In an imperative language I would write something like this.
values = {} # could just as easily be a class or C struct
for line in input_lines:
if line matches A:
parse out interesting piece
values[A] = parsed chunk
elif line matches B:
parse out interesting piece
values[B] = parsed chunk
...
elif line matches Z:
parse out interesting piece
values[Z] = parsed chunk
break # we know there is nothing else after this
do something with values
I wrote a bit of Haskell this morning to do the same thing using foldr.
This parses the output of rsync --stats. A sample file looks like this.
Number of files: 1
Number of files transferred: 0
Total file size: 4953701 bytes
Total transferred file size: 0 bytes
Literal data: 10 bytes
Matched data: 230 bytes
File list size: 43
File list generation time: 0.001 seconds
File list transfer time: 0.000 seconds
Total bytes sent: 11
Total bytes received: 57
sent 11 bytes received 57 bytes 12.36 bytes/sec
total size is 4953701 speedup is 72848.54
Small and simple to demonstrate my problem. This particular file format is representative of this recurring style of problem where I want to quickly read 3 or 5 bits from a file and doing something else with the results. In an imperative language I'd just toss them into a few variables, a dictionary, something. The Haskell below is my attempt at a similar approach.
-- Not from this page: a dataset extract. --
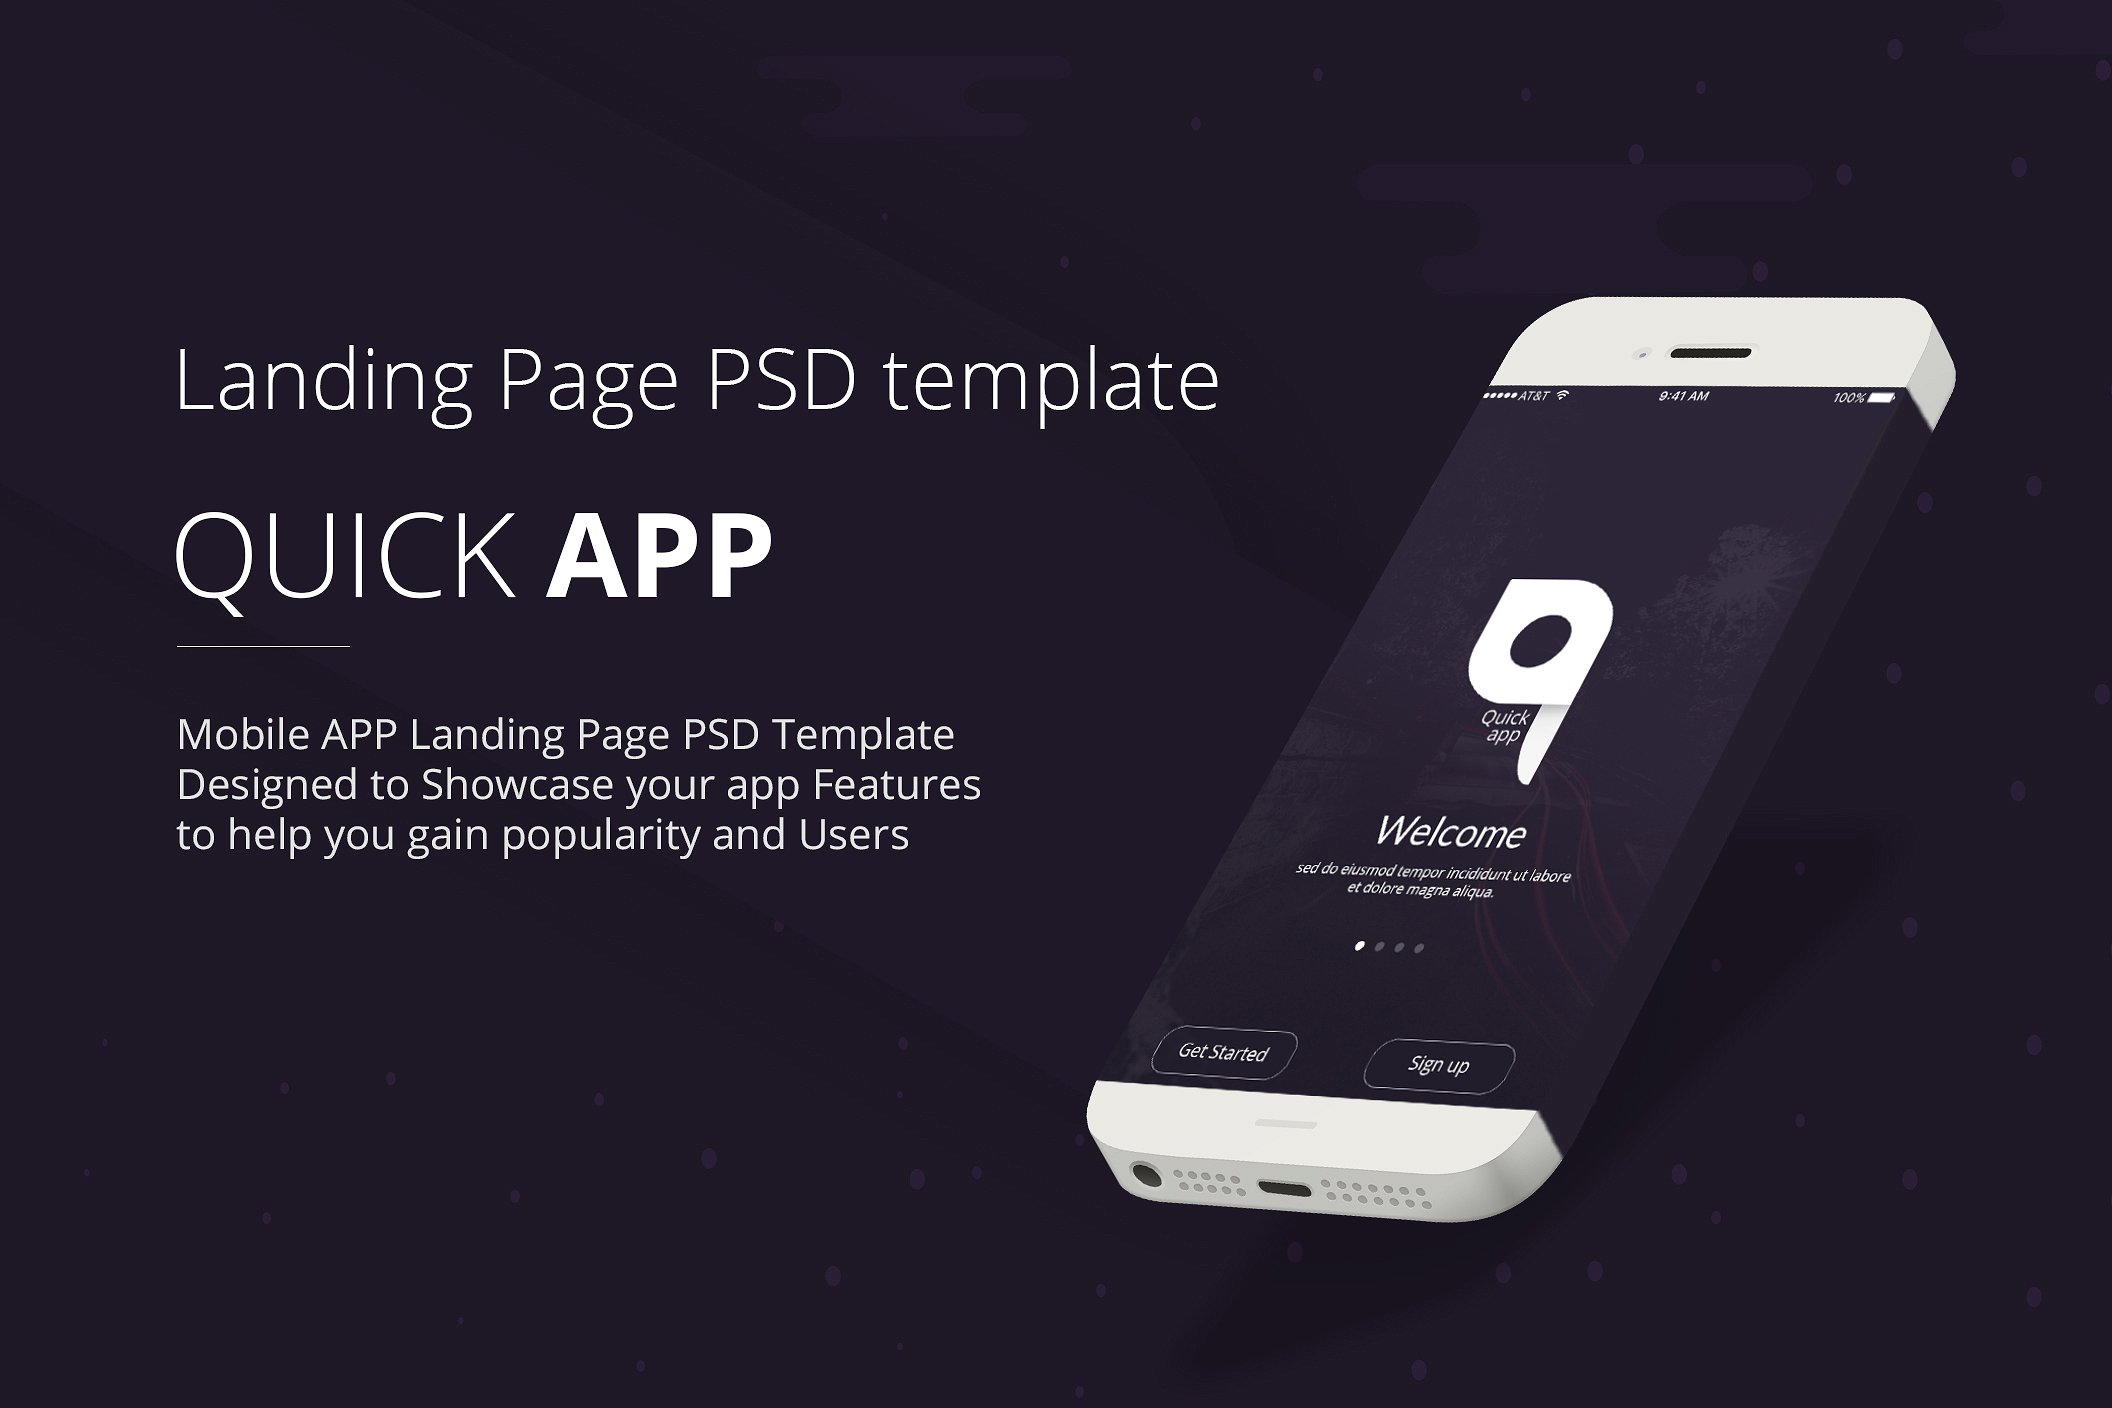 着陆页设计模版 QuickApp – Landing Page PSD Template插图

{-# LANGUAGE OverloadedStrings #-}
import qualified Data.Map as M
import qualified Data.Text as T
import Data.Text (Text)
import qualified Data.Text.IO as TIO
import Data.Text.Read (decimal)
import System.Environment (getArgs)
stats_map :: M.Map Text Int
stats_map = foldr (uncurry M.insert) M.empty [("Total file size", 1),
("Literal data", 2),
("Matched data", 3)]
getStatsMap :: Text -> M.Map Text Integer -> M.Map Text Integer
getStatsMap t rm = doMatch chunks rm
where
chunks = [ T.strip chunk | chunk <- T.splitOn ":" t ]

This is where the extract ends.